Unfortunately, none of these points are likely to be very persuasive. This is because there seems to be very different starting premises upon which the world views that are home to opposing political and social ideas are built. There are a number of fundamental differences between what Sowell calls the ‘constrained’ and the ‘unconstrained’ visions of the world that correlate roughly with conservative and left-liberal political thinking.
Progressives think that humans are highly malleable, and that the problems we see are the result of bad institutions. If we just changed them, things would be better. There is a very good case for this, since there have been many improvements over the span of human civilization’s long development, and especially of late.
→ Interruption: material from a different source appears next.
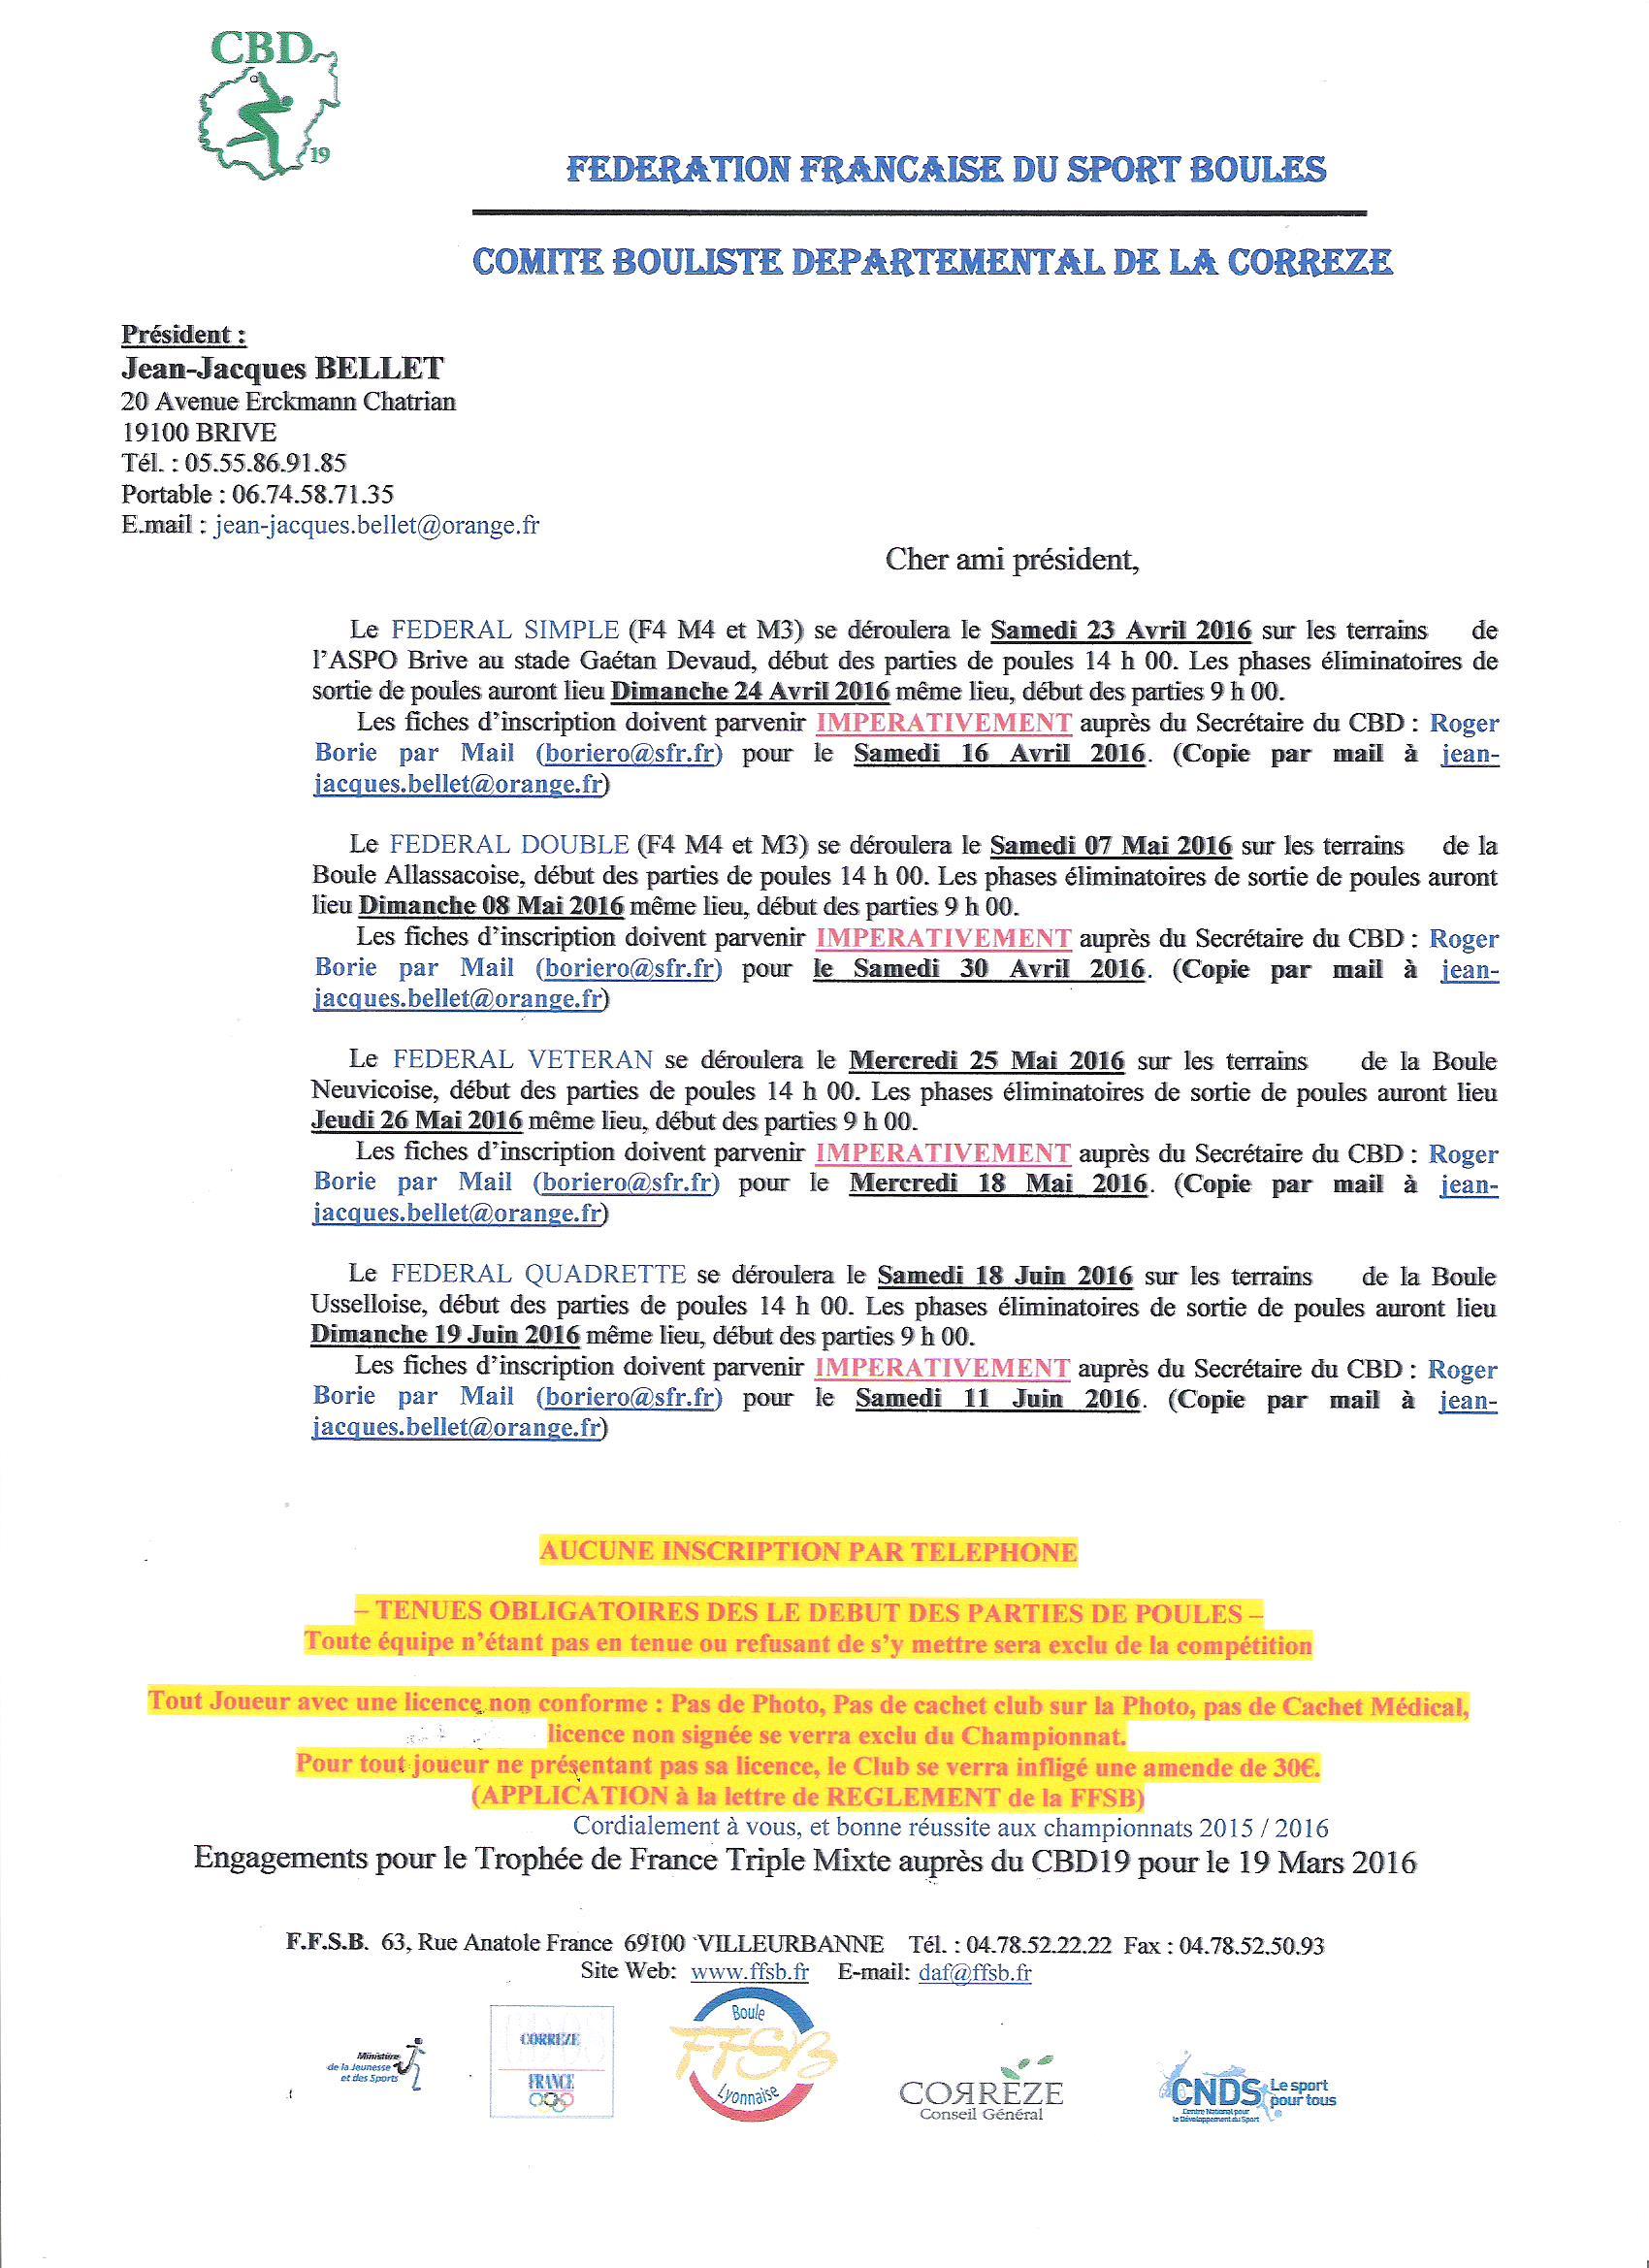 cbd lettre federaux 001.jpg

They also believe much more strongly in human improvability, and their ideas seem to presume belief in the idea that there are genuine ‘solutions’ to humanity’s problems.
Conservatives, on the other hand, think people are basically unformed and amoral, without refinement through upbringing, culture and institutions that are required to bring out the best in them. Because of this, they don’t assume that there are ‘solutions’ out there in the world of political and social decision-making. Instead, there are only better and worse trade-offs that we can make with limited resources, knowledge, and flawed characters. Ultimately, every person must become good themselves through the actions that they undertake in their lives. You cannot ‘engineer’ this, it must be made and earned through trial and error, the development of personal character and excellence, the experience and overcoming of hardship, and hard work by real people, not imposed benevolently through the designs of bureaucrats or intellectuals.